RECORDS FOR THE TASK:
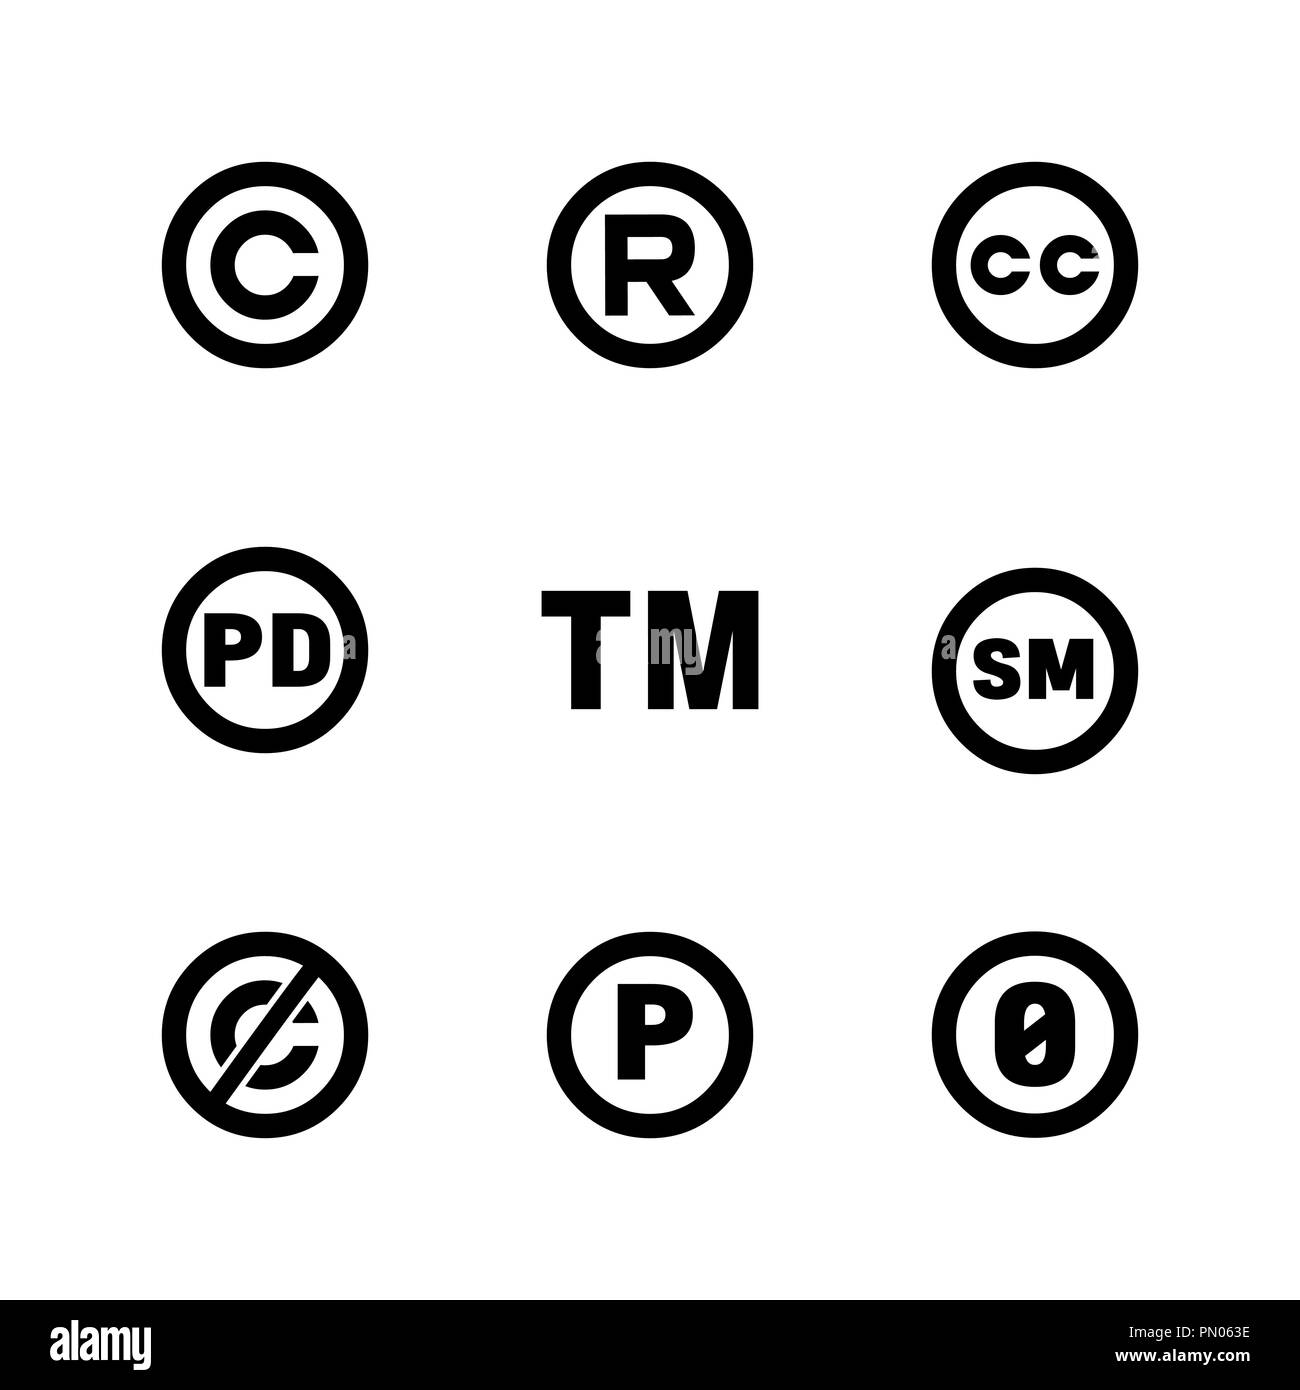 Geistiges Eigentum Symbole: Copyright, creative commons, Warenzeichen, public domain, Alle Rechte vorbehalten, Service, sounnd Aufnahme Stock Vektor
--
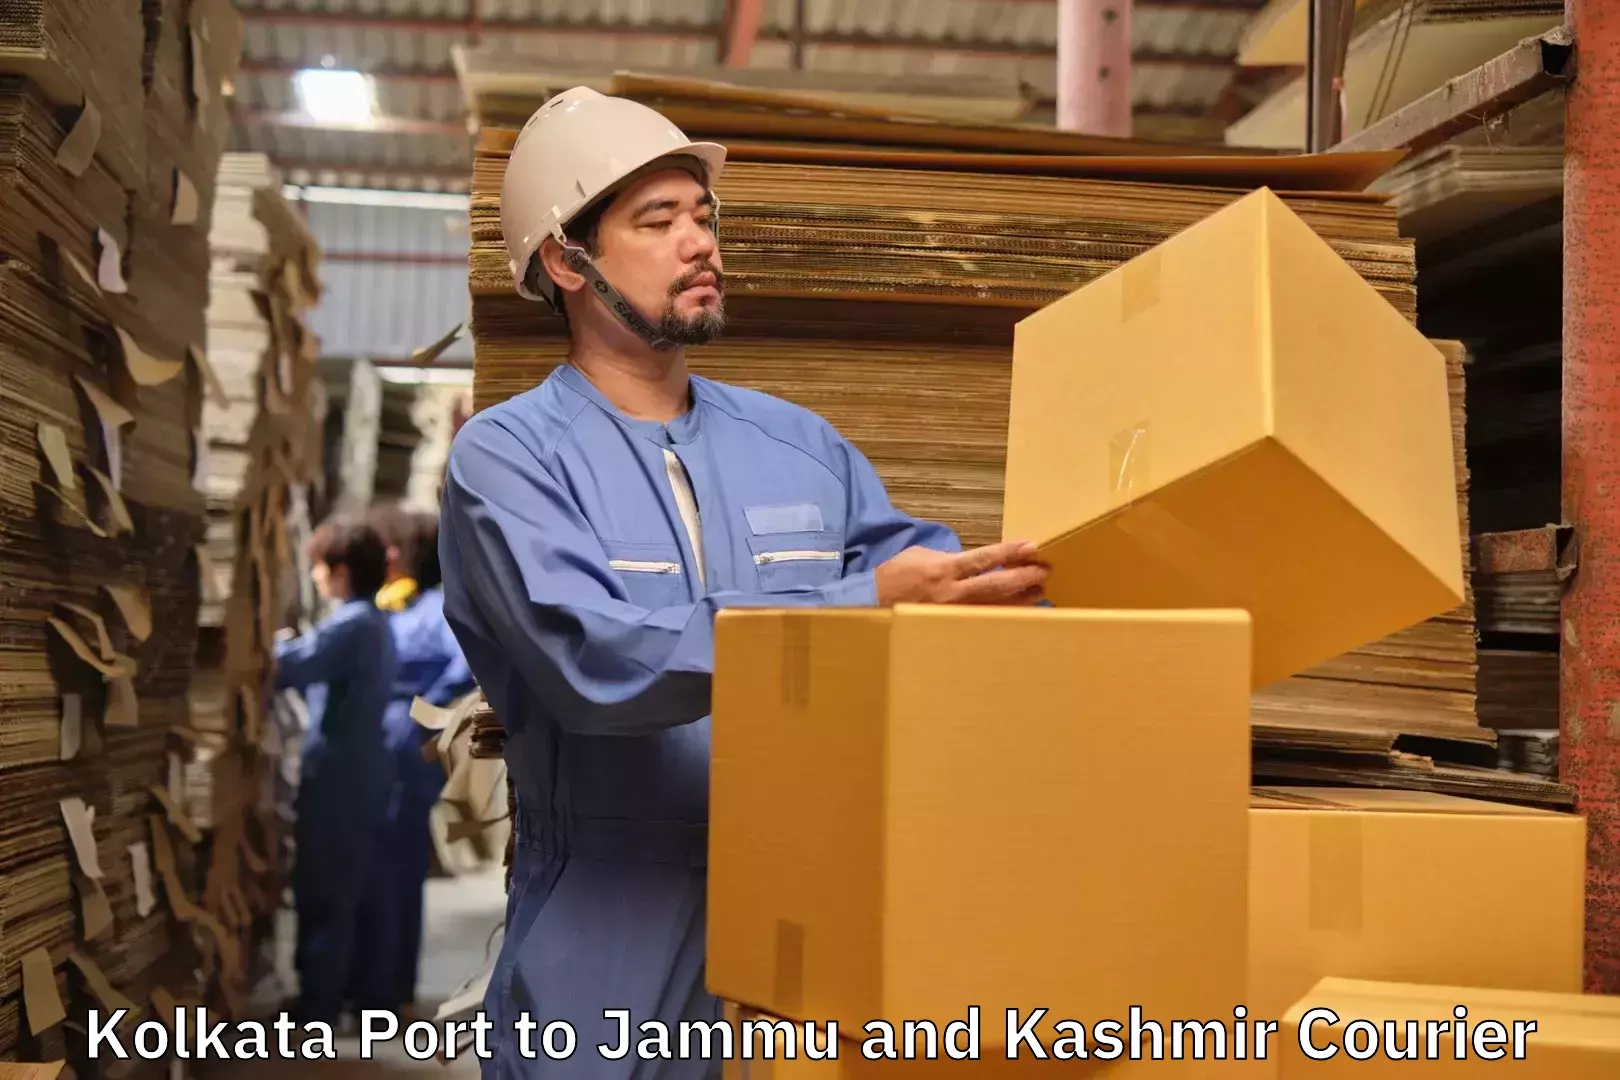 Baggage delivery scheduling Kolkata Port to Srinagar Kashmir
==
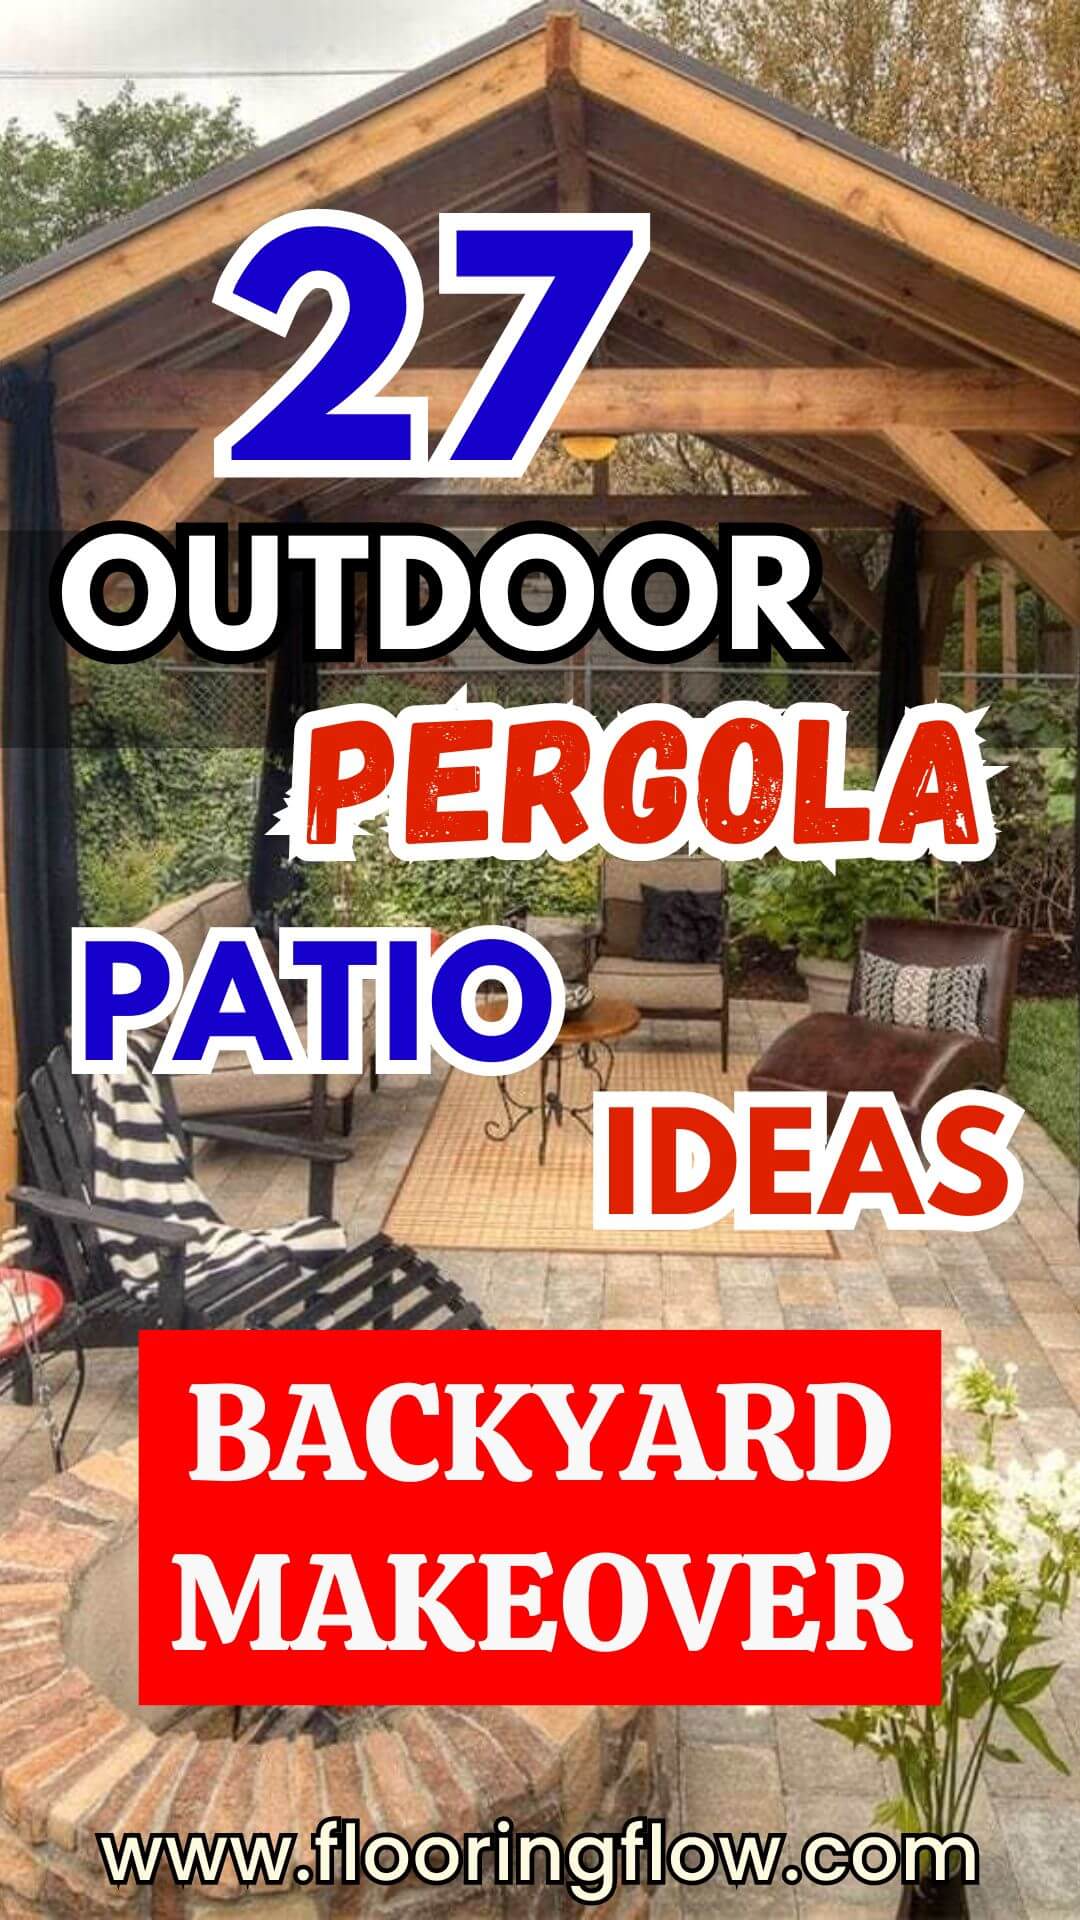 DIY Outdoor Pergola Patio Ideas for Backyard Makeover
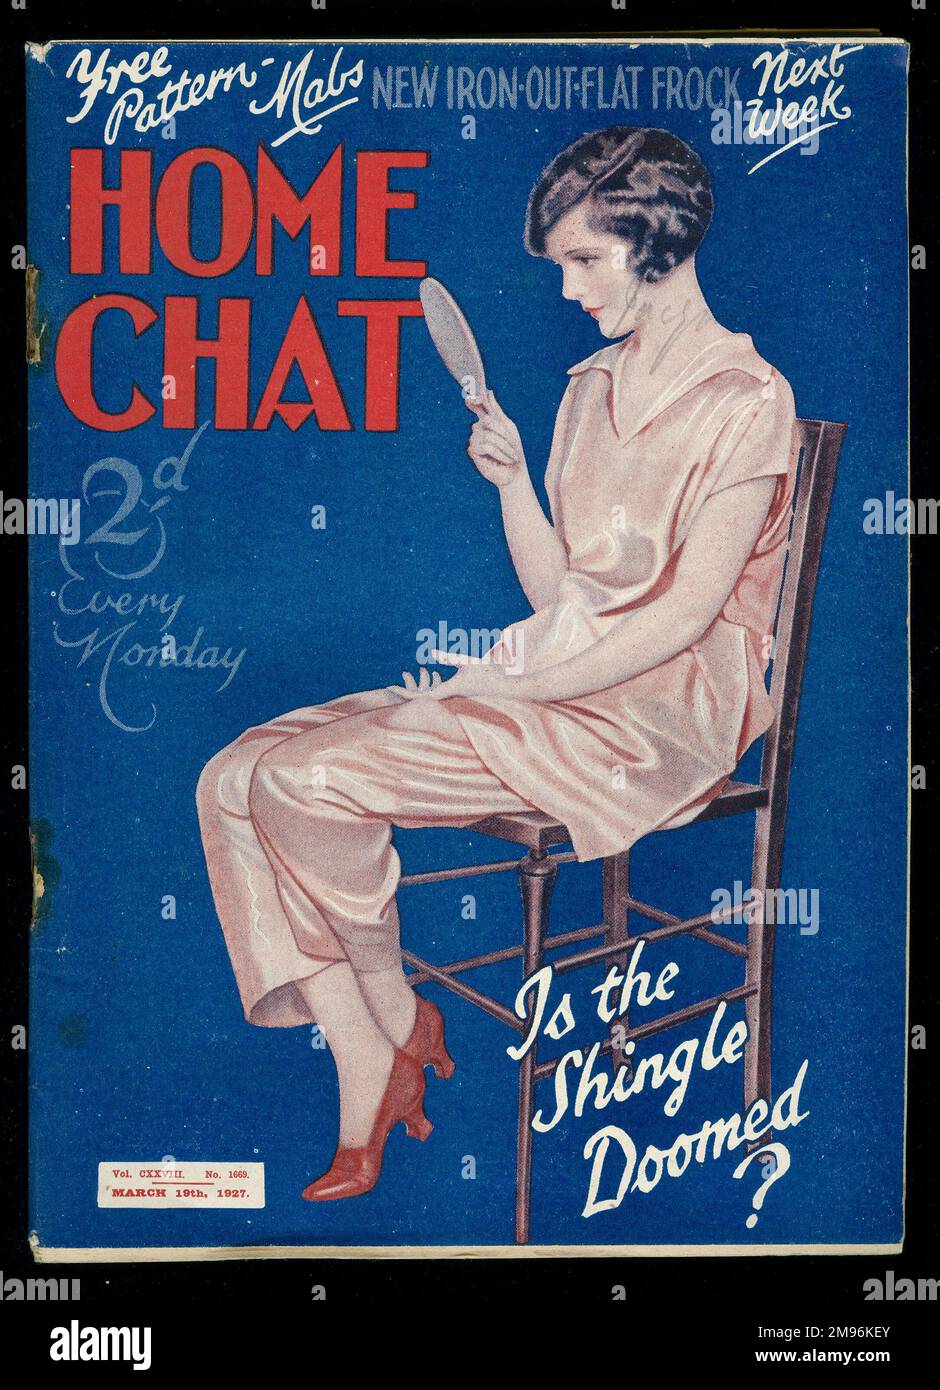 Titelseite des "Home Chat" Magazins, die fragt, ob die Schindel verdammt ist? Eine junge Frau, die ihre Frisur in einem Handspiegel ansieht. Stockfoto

TASK DETAILS: When copying from the data above, begin at the line containing "DIY Outdoor Pergola" and end at the line containing "Handspiegel ansieht. Stockfoto"; return those lines exactly and leave all pictures behind.

YOUR RESPONSE:
 DIY Outdoor Pergola Patio Ideas for Backyard Makeover
 Titelseite des "Home Chat" Magazins, die fragt, ob die Schindel verdammt ist? Eine junge Frau, die ihre Frisur in einem Handspiegel ansieht. Stockfoto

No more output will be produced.